L’aiuto al suicidio costituisce un reato, ma l’azione penale del Pubblico ministero potrebbe non essere esercitata se si ravvisassero i requisiti dettati dalla Corte. “Ne consegue che nessuna normativa regionale può disciplinare tali requisiti, in quanto, valendo essi quali scriminanti di una norma penale, attengono alla competenza esclusiva della legge nazionale e del magistrato che la applica”, spiega in un’intervista al Sir Alberto Gambino, ordinario di Diritto privato presso l’Università Europea di Roma e prorettore vicario dell’Ateneo, nonché componente del Comitato nazionale di bioetica (Cnb), commentando la “scorciatoia” intrapresa dall’Emilia Romagna con la delibera regionale sul suicidio assistito .
Pertanto, prosegue il giurista, “anche i Comitati etici che valutano la presenza dei requisiti indicati dalla Corte nei casi di richieste di suicidio assistito devono corrispondere ad una omogeneità normativa nazionale, come del resto ha affermato il Comitato nazionale di bioetica nel parere reso e pubblicato in data 24 febbraio 2023. Se, invece, si prevedessero – come fa l’Emilia Romagna – Comitati locali, si configurerebbero inaccettabili diversificazioni nell’applicazione di scriminanti ad un reato, che – come ho detto – è invece competenza esclusiva della norma penale che vige sull’intero territorio dello Stato”.

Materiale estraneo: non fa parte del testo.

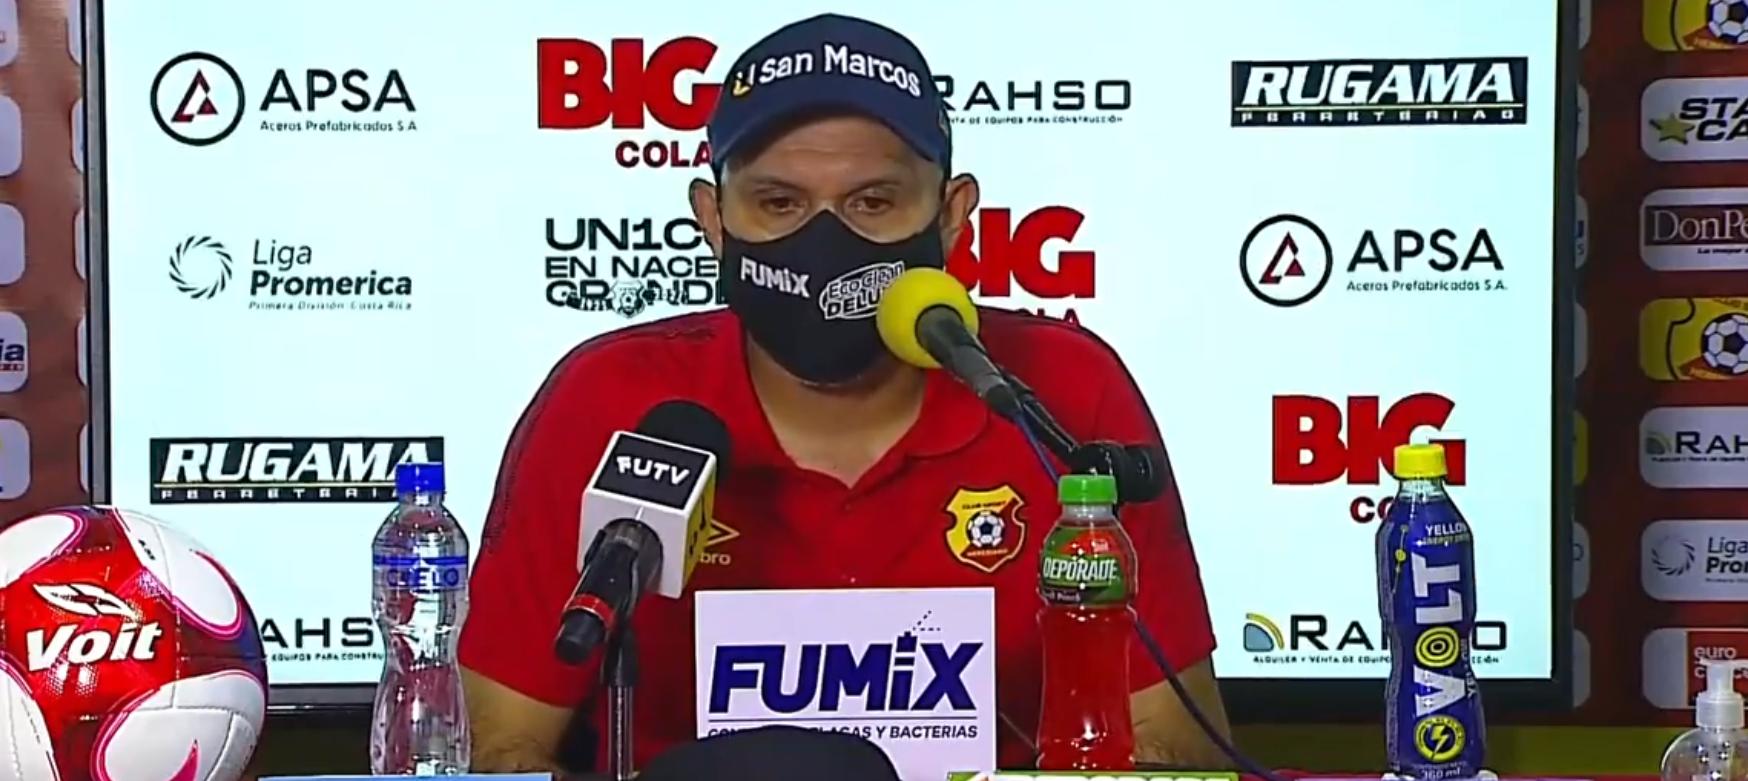 """Luis Marín: """"El rival puso más que nosotros en algo que no era futbolístico, tuvo más deseos, nos ganaron en querer más.""""."""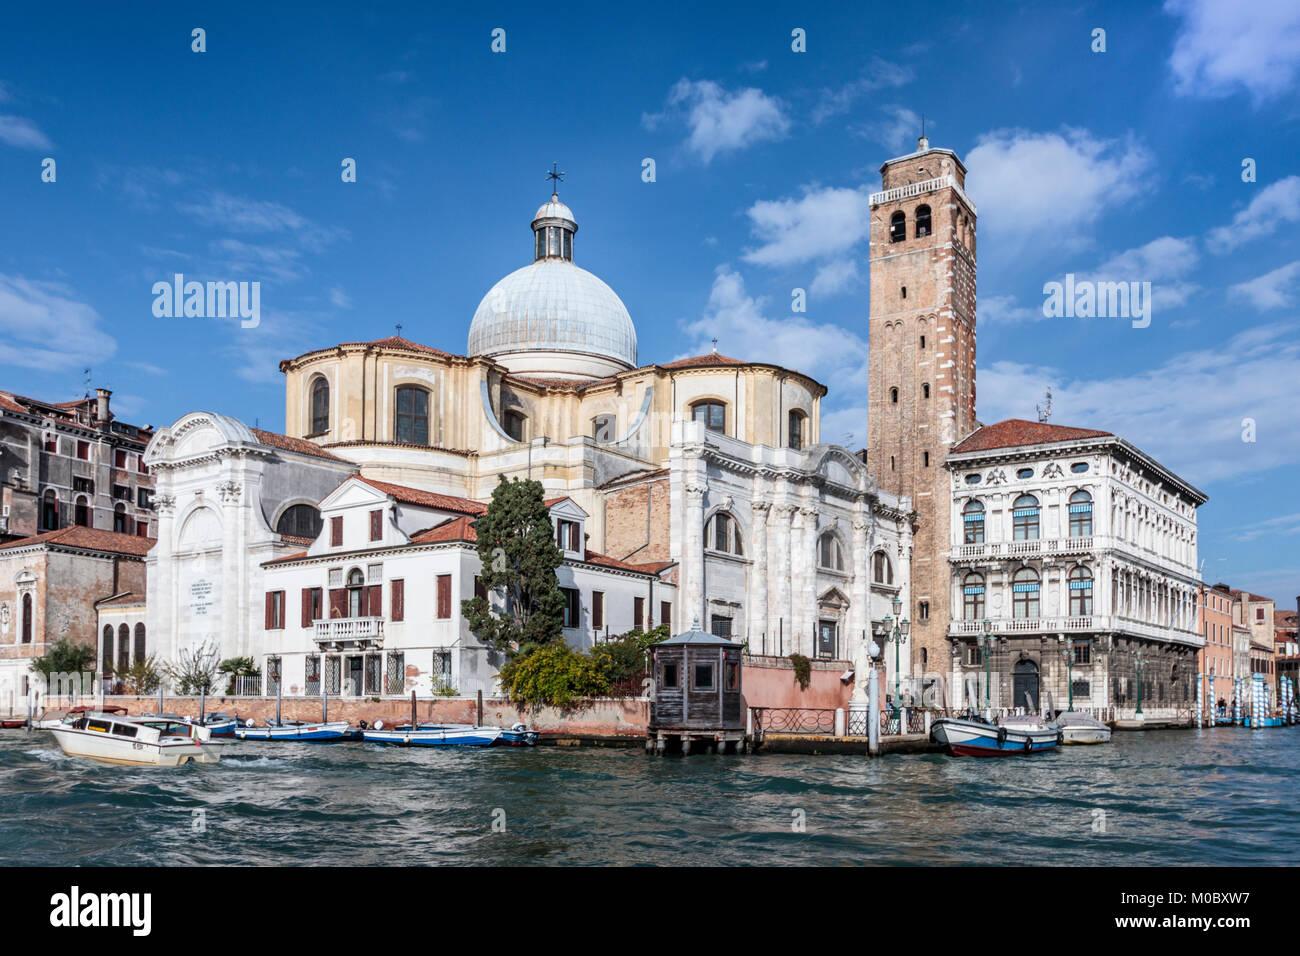 La Iglesia de San Geremia y Grand Canal en el Veneto, Venecia, Italia, Europa. Imagen De Stock

Per Gambino, inoltre, l’emanazione di linee guida regionali, neppure votate in Consiglio, per disciplinare le procedure di suicidio assistito significa “sciogliere con un atto amministrativo alcuni nodi lasciati aperti dalla Corte e che la Corte stessa ha rinviato ad una legge nazionale, tra cui la relazione tra l’aiuto al suicidio e il necessario percorso di cure palliative, nonché la fase dell’esecuzione dell’assistenza al suicidio”. Le linee guida dell’Emilia Romagna, così come le proposte pendenti davanti a vari Consigli regionali, “prendono invece posizione e compiono scelte soggettive con la conseguenza che in alcune regioni potrà attivarsi la procedura dopo una mera proposta di palliazione, in altre potrà invece richiedersi che la palliazione sia effettiva, in altre ancora si riterrà sufficiente che sia il paziente ad escluderla sul nascere”. Insomma si rischia un esito interpretativo Regione per Regione. In merito all’esecuzione della procedura di assistenza al suicidio, “la Corte non affronta questo aspetto, limitandosi a dire che non c’è alcun obbligo per il personale sanitario e, dunque, per il Servizio sanitario, i cui prestatori di servizi sono appunto medici e infermieri. Anche qui, se ogni Regione facesse da sé – avverte infine il giurista -, significherebbe creare zone territoriali in cui si potrà essere aiutati a suicidarsi con principi, modalità e criteri di assistenza diversificati, cosa assolutamente contraria all’interesse nazionale e alla tutela della salute e della vita di ogni malato”.